## [WORK ITEM]
In the listing below, find the line holding "After your Legacy" and the line holding "Yellow Daffodils In". Write out those two lines and all lines between, exactly, and nothing more.

## [GIVEN DATA]
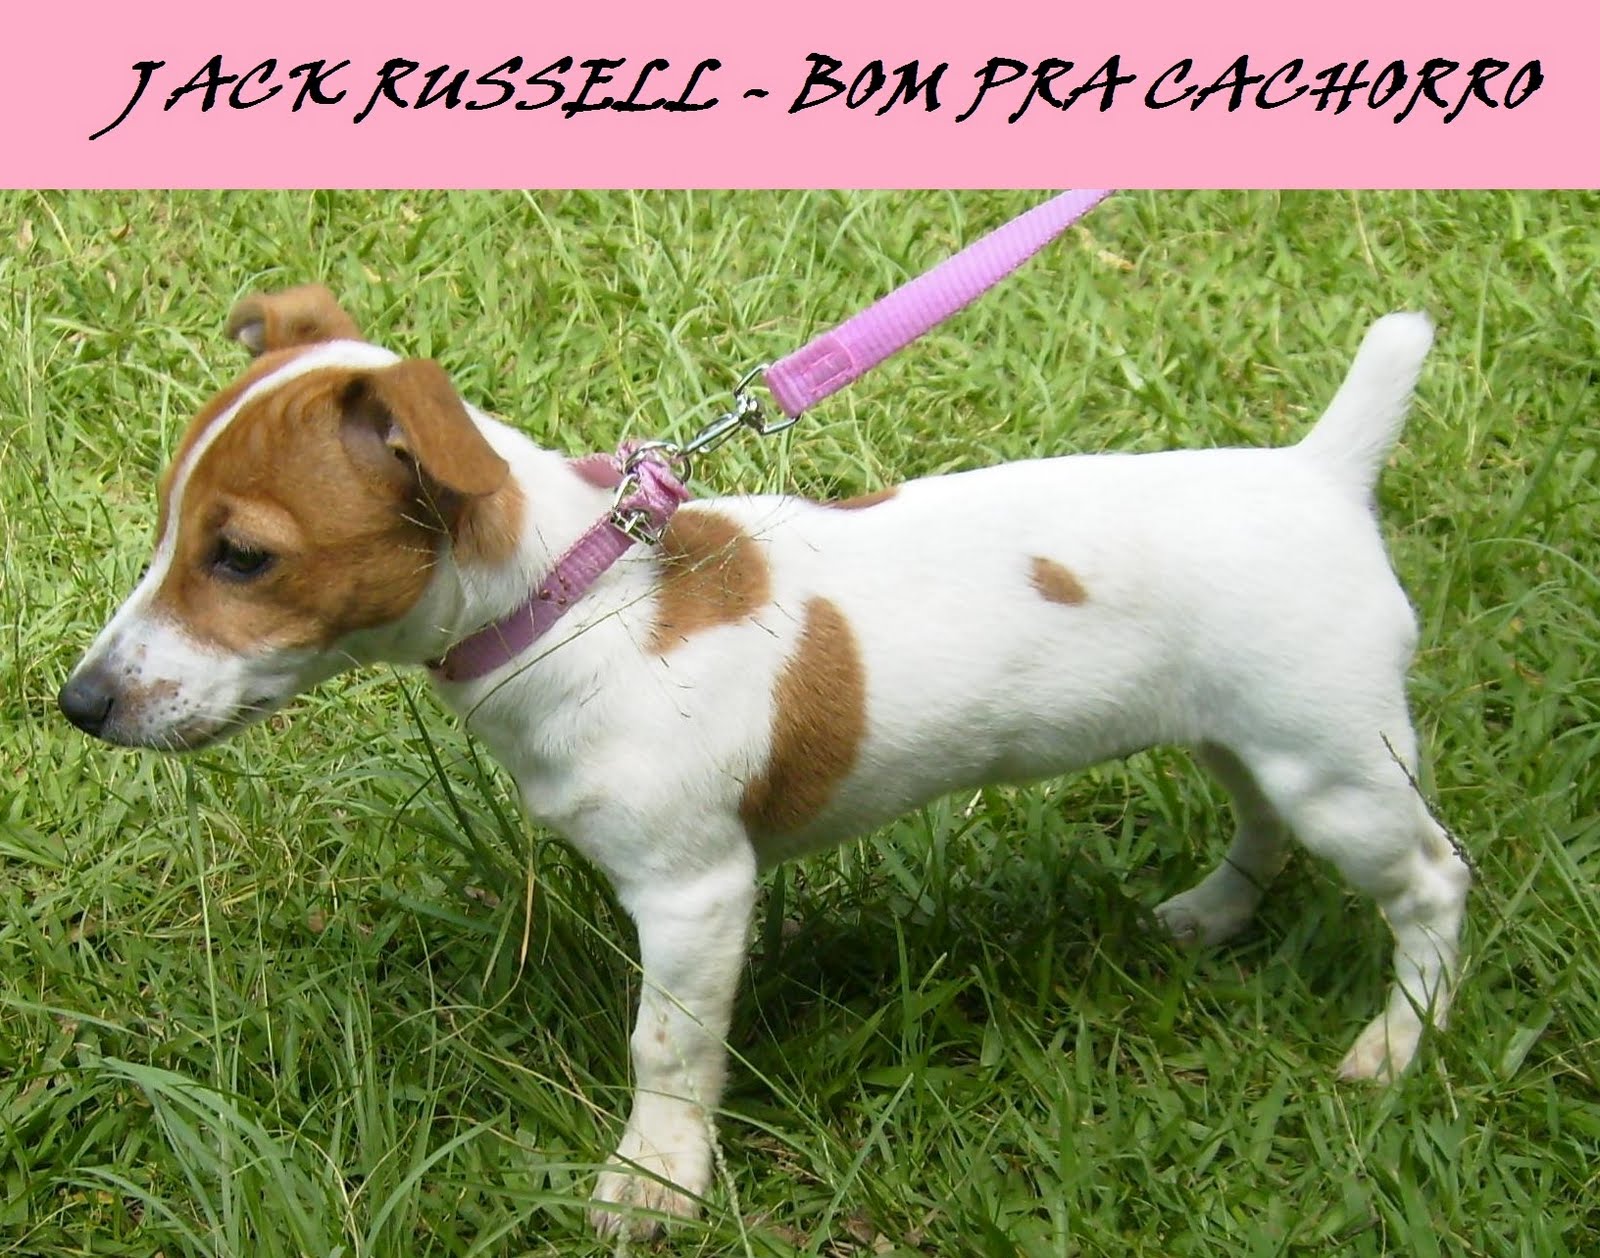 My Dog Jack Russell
...
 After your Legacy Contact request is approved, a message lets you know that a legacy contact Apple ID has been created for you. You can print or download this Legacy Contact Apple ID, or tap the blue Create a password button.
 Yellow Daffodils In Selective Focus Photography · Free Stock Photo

## [ANSWER BOX]
 After your Legacy Contact request is approved, a message lets you know that a legacy contact Apple ID has been created for you. You can print or download this Legacy Contact Apple ID, or tap the blue Create a password button.
 Yellow Daffodils In Selective Focus Photography · Free Stock Photo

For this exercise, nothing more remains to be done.